На крыше ветер чувствуется сильнее. Зато туман уже рассеялся, потому что выглянуло солнце.
— Сделаешь хорошую погоду?
— Просто тепло или прямо жарко?
— Давай жарко,— улыбается Света. Она сбрасывает ботинки и босиком забирается на какую-то скользкую металлическую трубу, прихватив хулахуп. Достаёт из кармана «чупа-чупс», снимает обёртку и засовывает его за щёку.— Хочу, чтобы ты меня сфотографировала. На свою страничку хочу выложить фото.
— Поэтому ты сегодня нарядная?
— А как же.— Света поправляет бретельки на плечах и картинно ставит обруч рядом с бедром. Но тут же останавливается: — Сфотографируй, как Элен тебя. И в лучах света.
— Я так не умею. И вообще, Элен меня предпочитает не слишком одетую фотографировать.
Я расстёгиваю рубашку и повязываю её узлом на животе.
— Умеешь. Нужна просто практика. Триста или четыреста попыток, и всё получится даже на телефон,— успокаивает меня Света.
— Ну, тогда крутить тебе обруч до вечера.
— Вызов принят.
Получается быстрее. Удивительно, но уже на тридцатый или сороковой раз Свету устраивает на фотографии всё. А может, ей просто надоело крутить хулахуп.
Мы сидим у какой-то кирпичной трубы, вытянув ноги на солнце, и болтаем о всякой всячине. Я включаю музыку на телефоне.
— Почему, когда я для тебя меняю погоду, мне ничего за это не бывает?

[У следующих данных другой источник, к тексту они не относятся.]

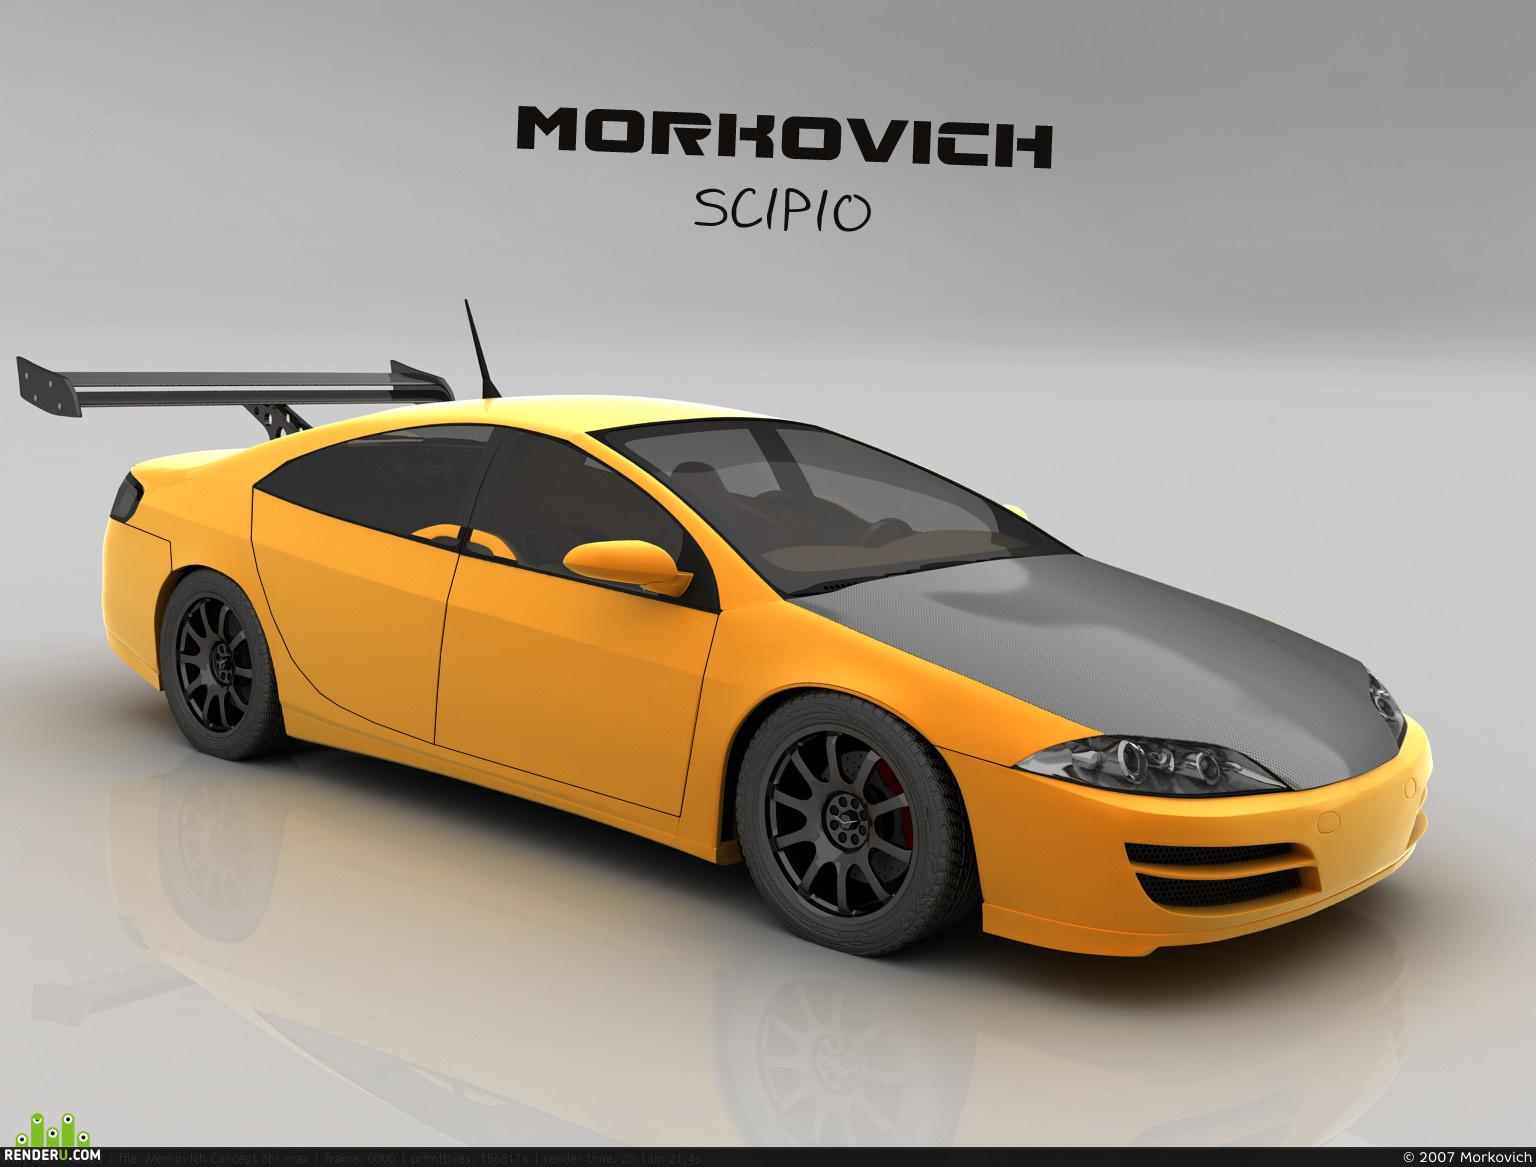 preview Morkovich Scipio

— Ты что, ещё не поняла? — удивляется девочка.
— Нет, а должна была?
— Это же так просто,— укоризненно говорит она.— Потому что я сама прошу тебя. А ты чаще всего любишь помогать не спросясь, нужно это или нет.
— Не спросясь…
— Ну а как ещё. Ты причиняешь добро насильно. А может, это и не добро вовсе.
— Почему это? — Я прекрасно понимаю, почему, но верить в это не хочу.
— Ну вот смотри. Помнишь ту женщину с мандаринами, на красной машине?
— Девушку.
— Да неважно. Вот ты помогла ей уехать. Она вернулась домой вовремя, а там её парень с любовницей. Он был уверен, что в метель она вообще останется на работе. Кому от этого лучше стало?
— Так было на самом деле? — расстроенно спрашиваю я.
— Почти. Или помнишь, ты тогда папу моего вернула домой? На следующий день они ещё хуже поругались. Сейчас он вообще дома мало бывает.
— Я помню… Прости.
— Да нет, может, это и к лучшему. Я-то с ним вижусь всё равно. Просто всё по-дурацки и неоднозначно.
— А когда я всем помогала на экзамене? Вроде меня просили тогда помогать.
— Ну и кому лучше, что они ничего не учили, понадеявшись на тебя? Тебе хоть кто-то сказал тогда спасибо?
Я пытаюсь припомнить и отрицательно машу головой. Горячий ветер дует в лицо, и глаза слезятся.
— Я настолько бессмысленная?
— Я этого не говорила.
Света вскакивает на ноги и ходит из стороны в сторону, напряжённо раздумывая. Пятки у неё почти чёрные от старого рубероида, который листами лежит кое-где по крыше.
— По крайней мере, у тебя потом всё будет хорошо.
— А у тебя?
— А себя я не чувствую в будущем,— хладнокровно говорит девочка, и у меня слова застревают в горле.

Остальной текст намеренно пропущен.